→ WORK TO COMPLETE:
Retype the data below exactly, skipping pictures.

→ PROVIDED MATERIAL:
******************************
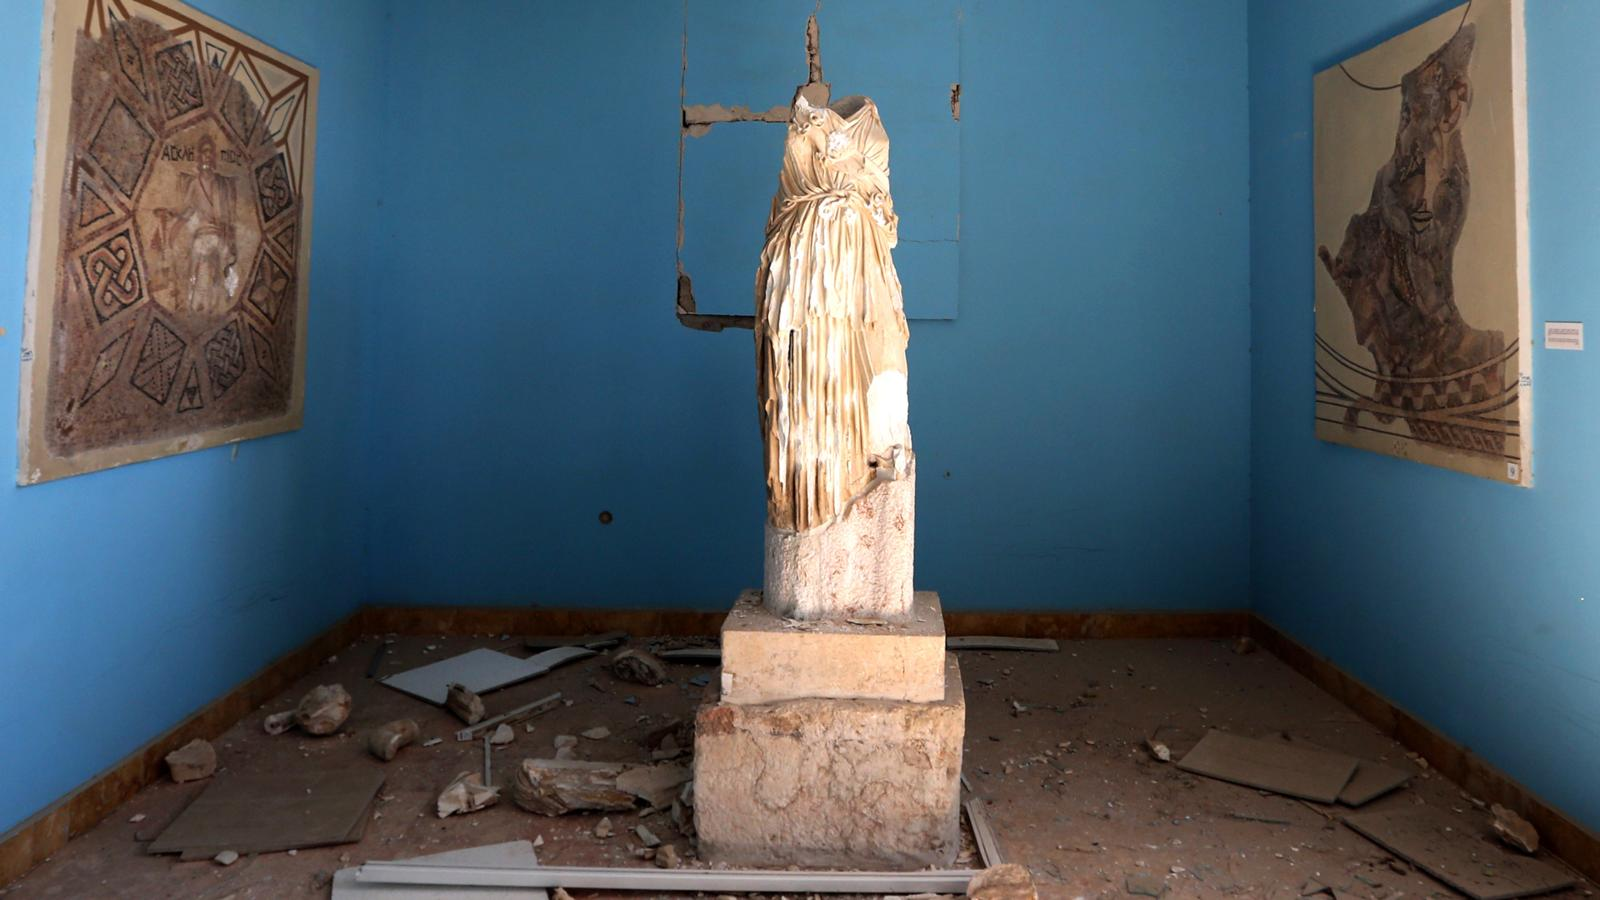 008 - SYRIA-CONFLICT-HERITAGE-PALMYRA
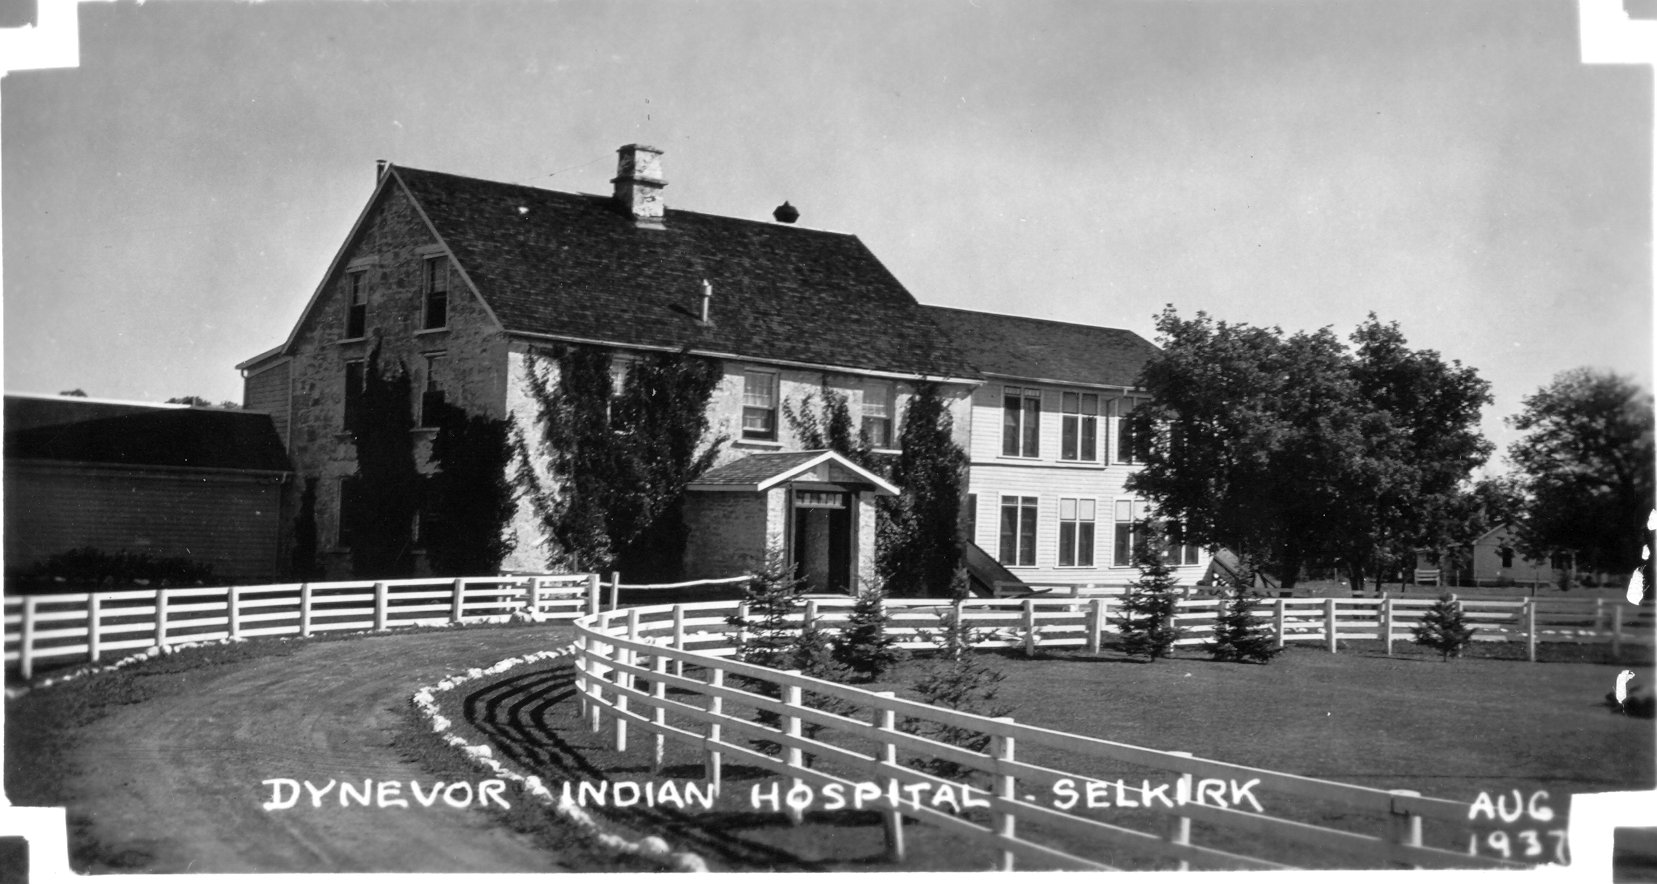 1937 Dynevor Hospital
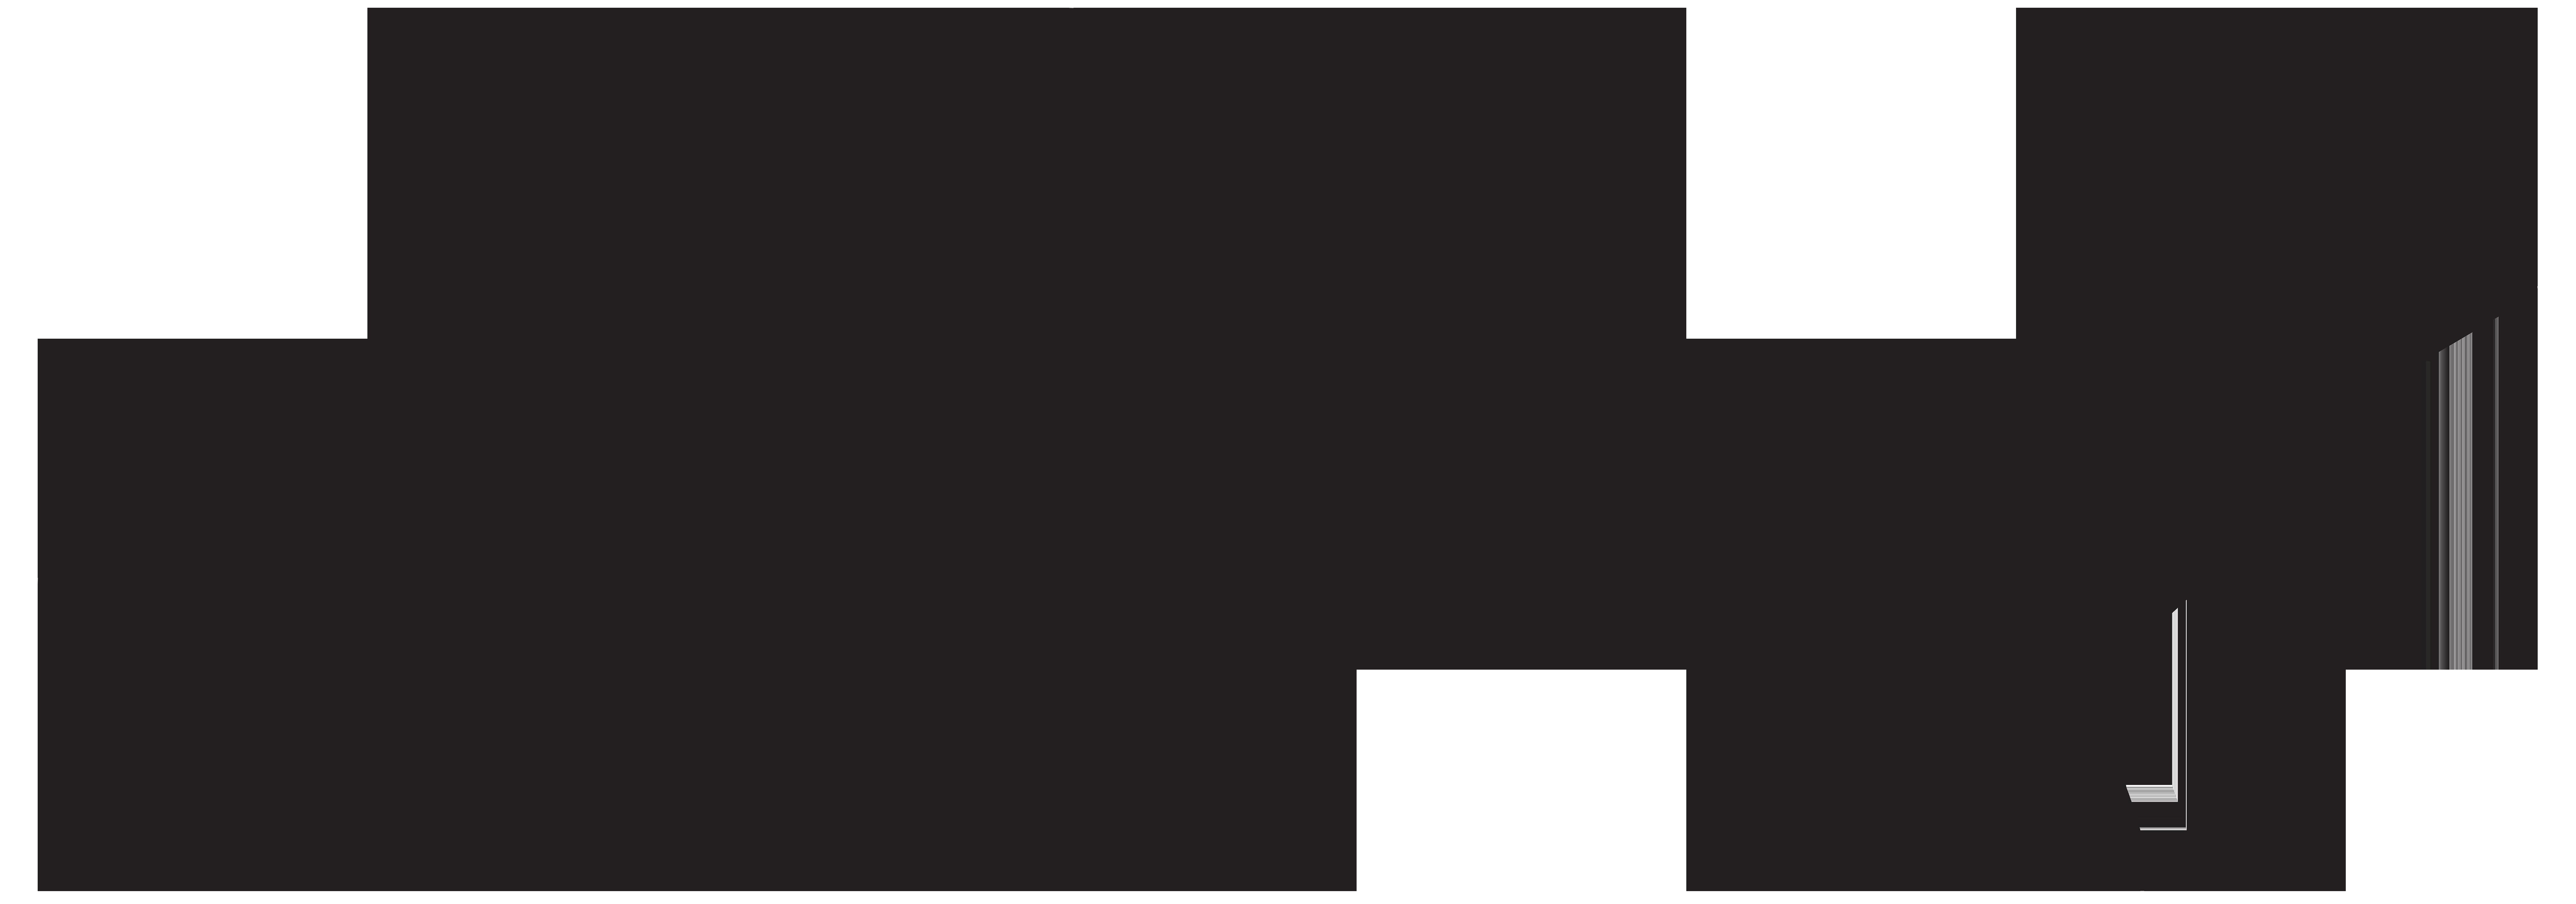 Free clip art silhouette. Clipart shark nice shark
******************************
→ TASK RESULT:
 008 - SYRIA-CONFLICT-HERITAGE-PALMYRA
 1937 Dynevor Hospital
 Free clip art silhouette. Clipart shark nice shark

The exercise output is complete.